Thursday, April 10, 2014

how we see ourselves

Yesterday I spent a lovely afternoon learning to play mahjongg.  One of my friends has a standing Wednesday afternoon mahjongg group and I was invited to round out a second table.  The group was very forgiving of my very limited understanding of mahjongg.  I've only played mahjongg once in my life about a year ago and had no recollection of the vocabulary or rules. Luckily, this group of ladies was not the cut throat variety of players but a group of friends that used the game as a time to chat.    As we were playing and dealing out the tiles, which is a fast paced activity where everyone takes a turn pulling four tiles at a time to their wall I noticed our hands as we reached to the center of the table.  All of our hands were old.  Even those women who had maintained their hair color, and figures, and style, couldn't keep their hands from aging.  Some hands had pretty manicured nails, some had short clipped nails, some were lily white and some were darker brown, but all were thin to where you could see the bones and our hands were veiny and mottled.  Even the beautiful diamond rings on some of the hands couldn't mask the age.

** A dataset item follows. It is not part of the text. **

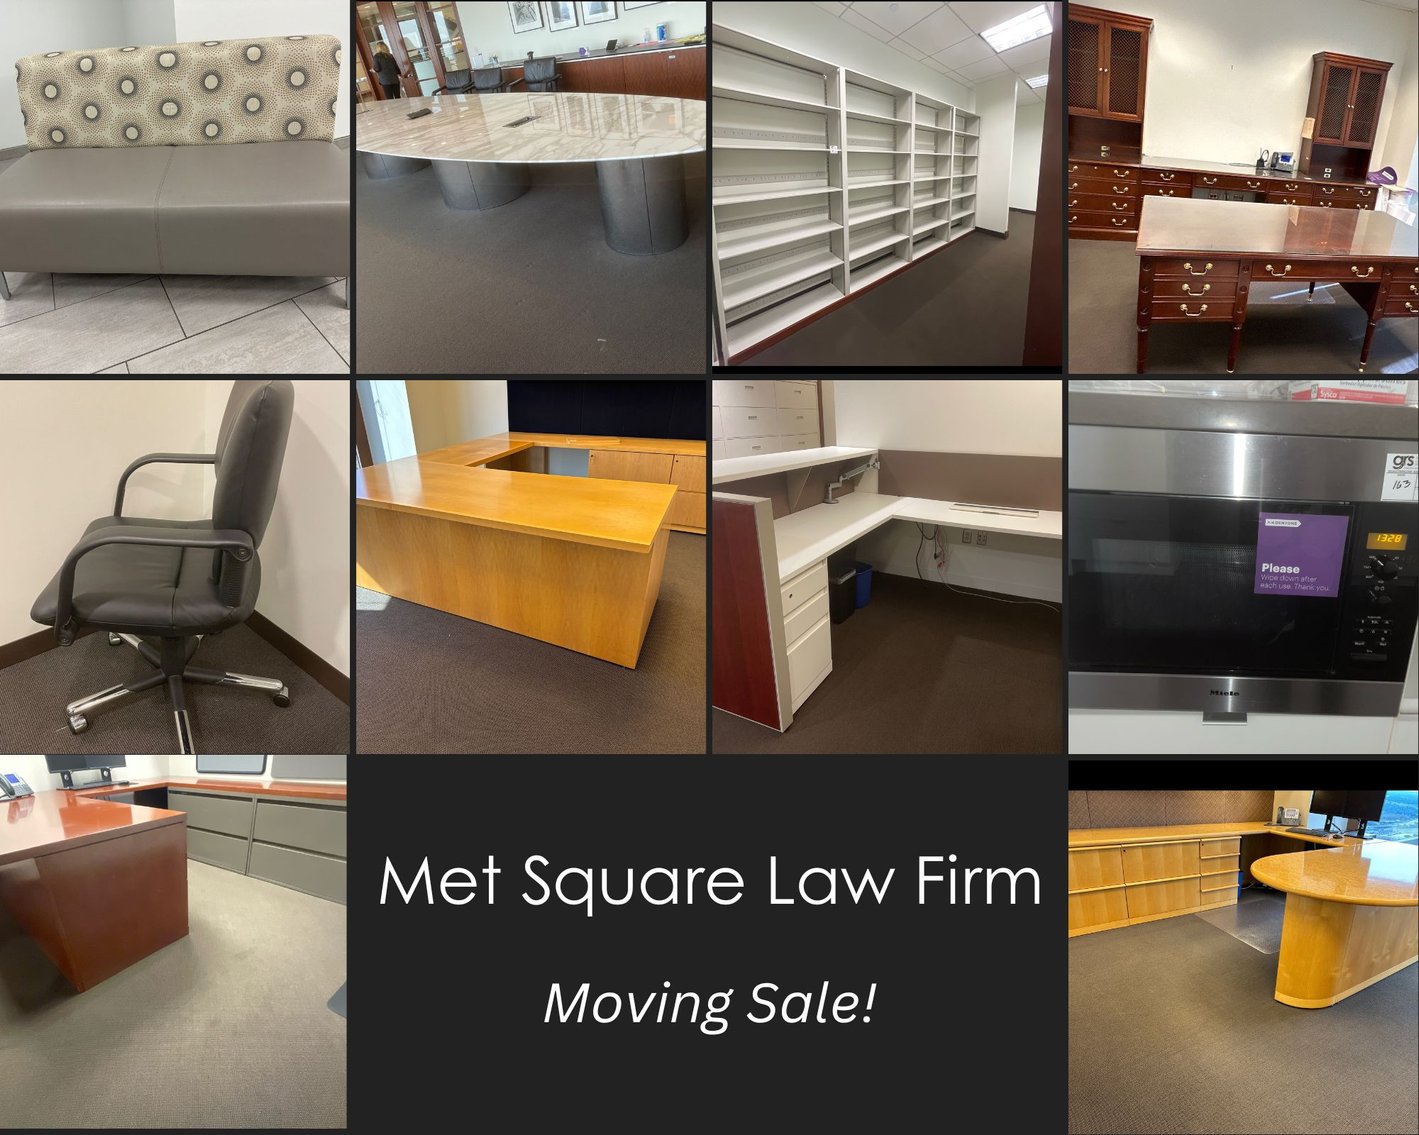 Met Square Law Firm Moving Sale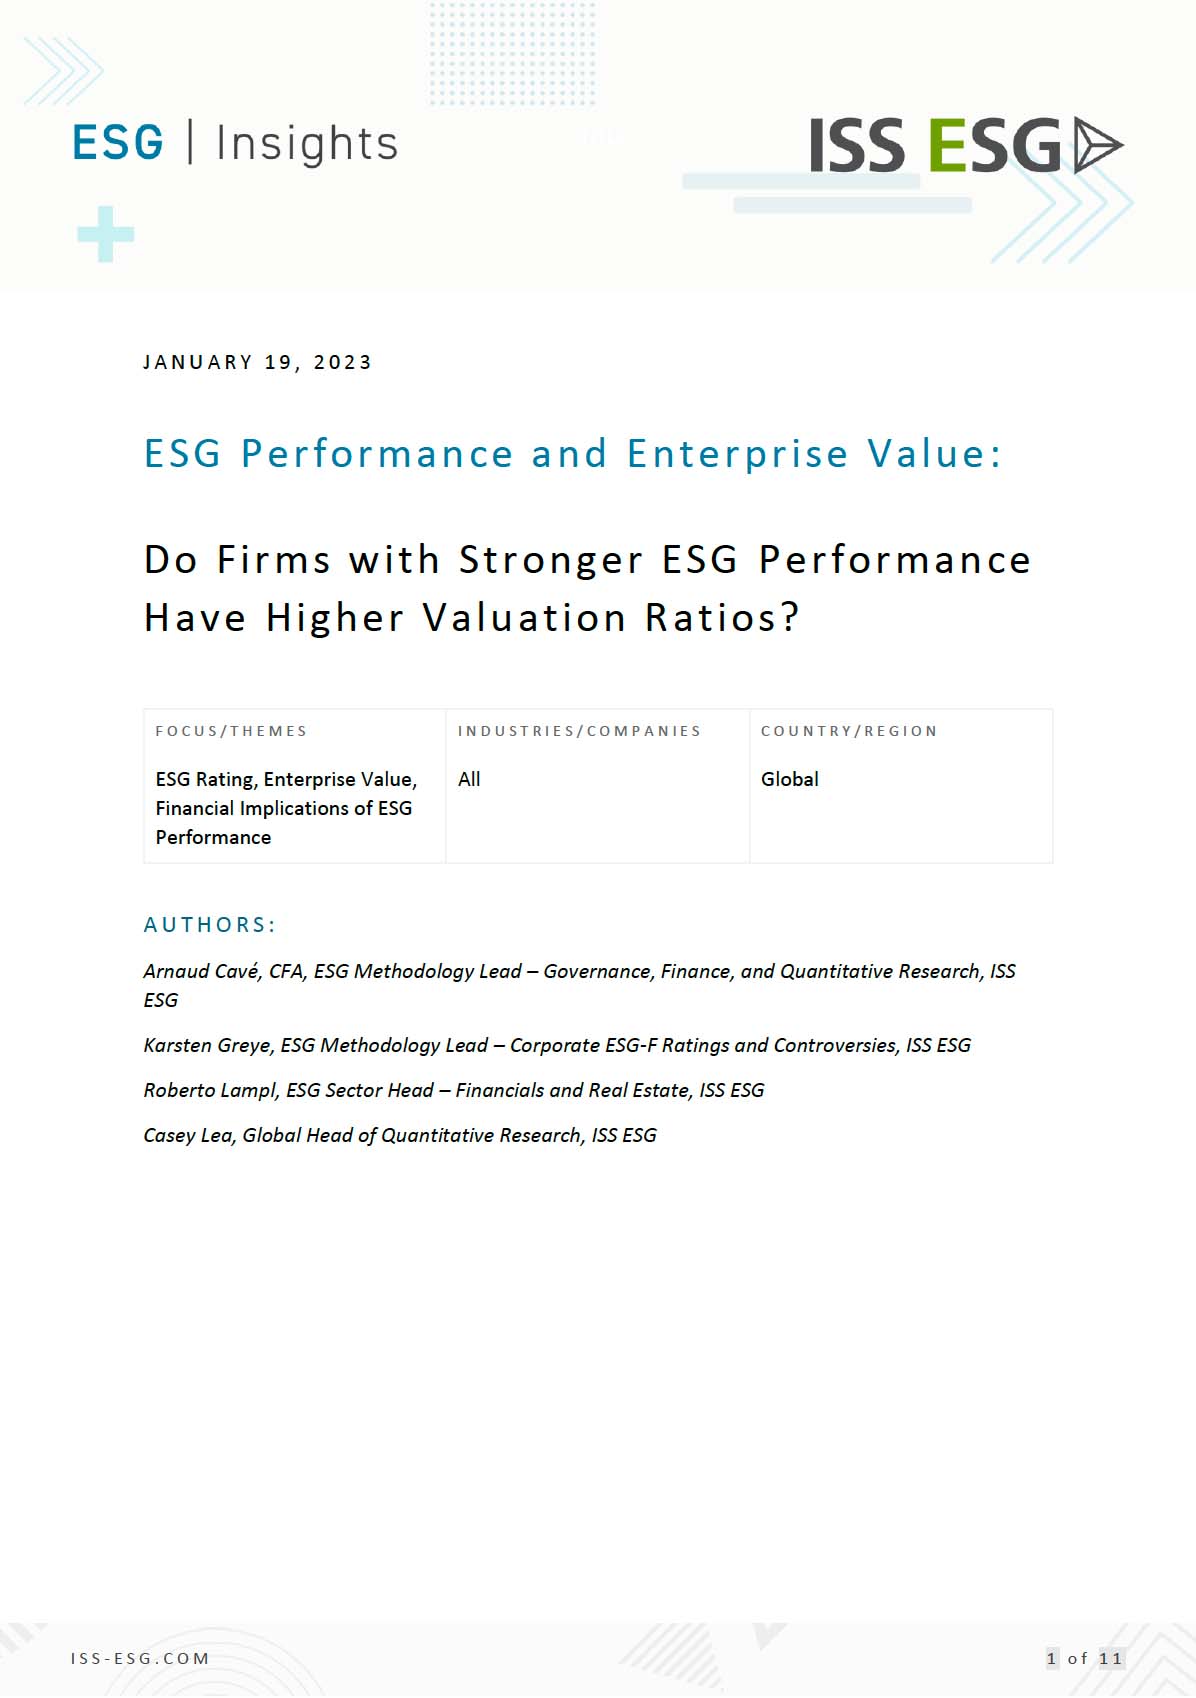 ESG Performance and Enterprise Value: Do Firms with Stronger ESG Performance Have Higher Valuation Ratios?

As play progressed and I became more comfortable with the rules and the pace of the game I started listening more to the conversation than worrying about my next move.  Suddenly one of the women commented "Aren't you always surprised when you look in the mirror and you don't look like you did when you were thirty?"  After a very brief moment everyone agreed that in our minds we are still thirty and the kids are still young and we have our whole lives ahead of us and sometimes we wonder who that woman in the mirror is.  I wonder if when we are 90 we will wonder why we don't look like we did today, and I wonder what my hands will look like.


Hattie said...

How true this is. My hands are the oldest part of me and thin and veiny, but the rest of me is not thin. It's the giveaway to one's true age.
The Asian women down at our senior center play mah-jong, but I'm not sure how they would welcome my participation. They have so little that is just for them that it would probably be felt as an intrusion.

ellen kirkendall said...

I have always had veiny hands with big knuckles and age has not improved things. My big aging moment was seeing my mother in the bathroom mirror. Before that moment I did not think we looked alike. Apparently she has had the same experience.

J at said...

It's horrific, looking in the mirror at just the wrong angle. I mean, when I've just done my hair and clothes and makeup, I don't look too bad, but then I catch a glimpse of myself not posed, and wow, I'm looking old.